FAQ for IRMNG
Author: Tony Rees, CSIRO Marine and Atmospheric Research, Hobart
Last updated: 30 January 2011
Q: What is the purpose of IRMNG?
A: IRMNG, the Interim Register of Marine and Nonmarine Genera, exists to provide a machine- and human- queryable system that is able to answer some basic questions about organisms based on the genus component (or in around 50% of cases, the genus+species component) of their scientific name. Such questions in the first instance comprise:
- What is the correct spelling (orthography) and authorship of the relevant genus name
- Where does this taxon (i.e. species / genus) fit in a taxonomic hierarchy (i.e., attribution to family wherever possible, plus relevant higher taxa)

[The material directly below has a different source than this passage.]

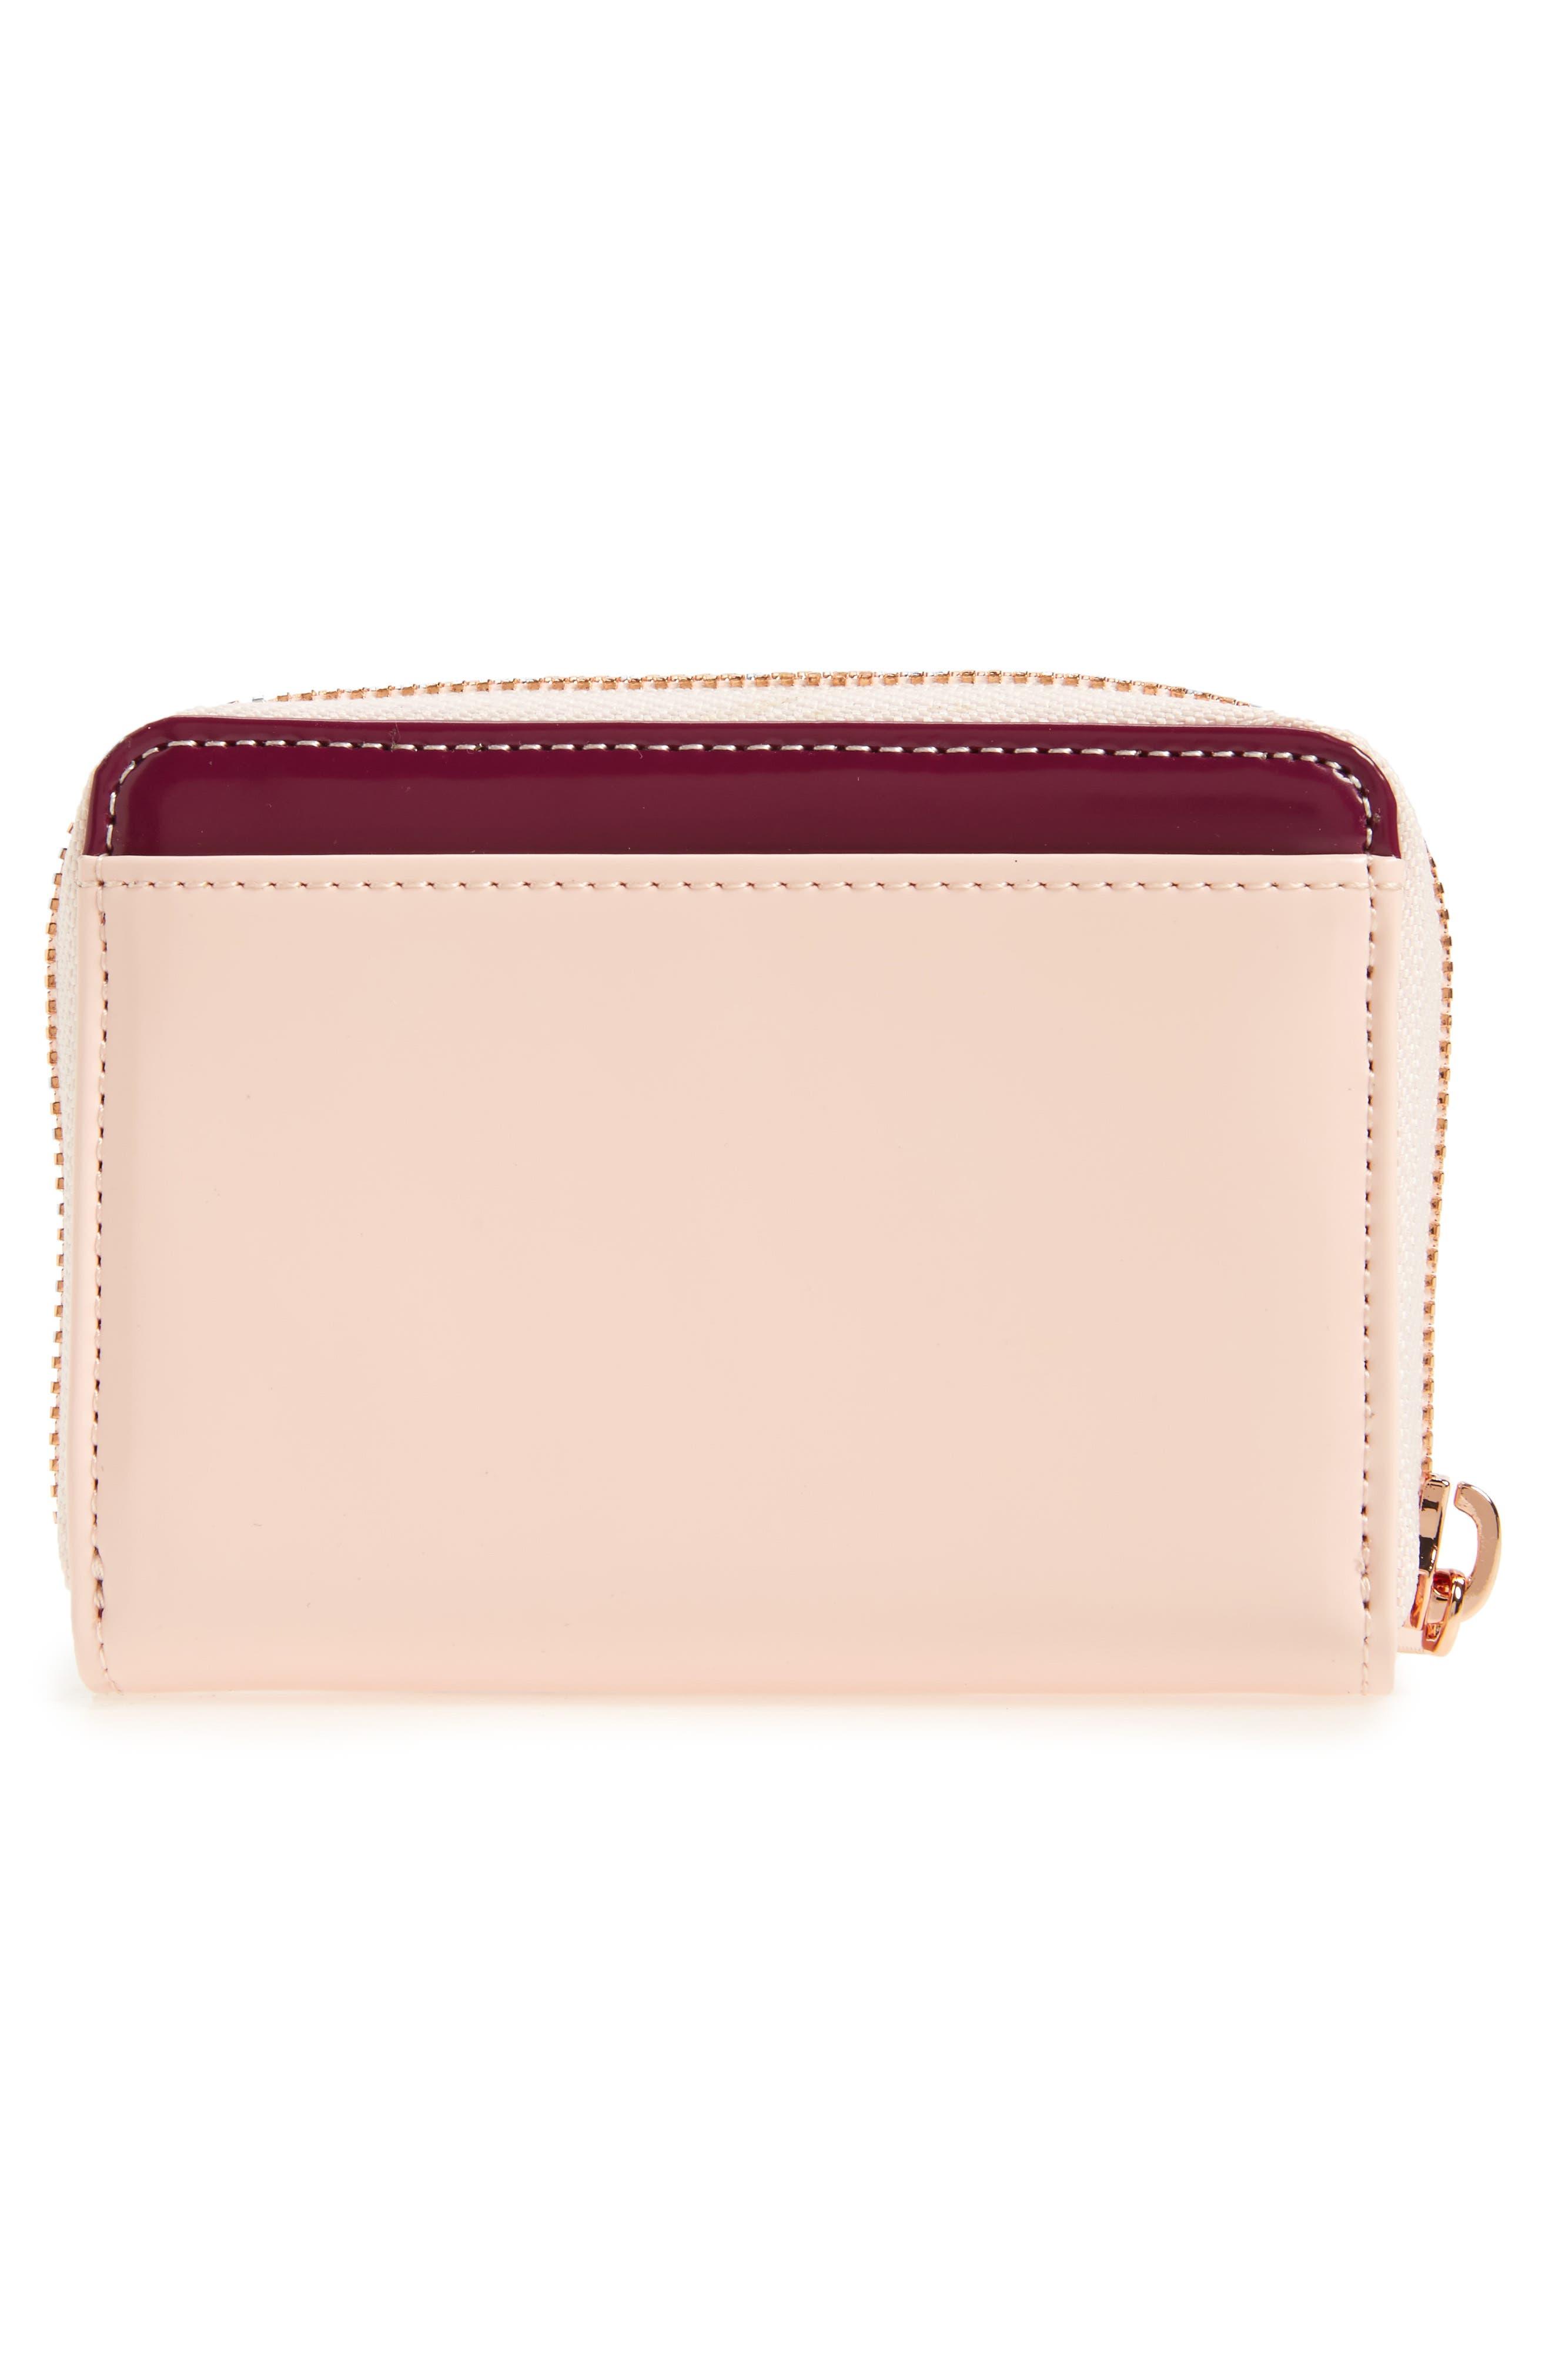 Beryl Leather Mini Purse,                             Alternate thumbnail 3, color,                             Baby Pink

- Is this a known extant or fossil taxon
- Is this a known marine or nonmarine taxon
- Is this genus name unique or non-unique (i.e., a homonym) either within a taxonomic group, or across multiple taxonomic groups or codes
- What genus and/or species names are spelled similarly to my input (search) term? (in the event that either the search term is misspelled, or variant / misspellings exist in the IRMNG database)
Additional questions that may also be answerable in a subset of cases:
- Nomenclatural and taxonomic information regarding this taxon, e.g.
- Nomenclatural: (e.g. is the genus name validly published or a nomen nudum, a replacement for a previously published name, a published misspelling, etc.)
- Taxonomic: is this genus currently considered a synonym of another (valid) genus name (and if so, which name)
- (Partial) list of species names for this genus – including nomenclatural and taxonomic information in some cases
- Citation of the place of publication of a genus name (e.g. as given in Nomenclator Zoologicus or elsewhere)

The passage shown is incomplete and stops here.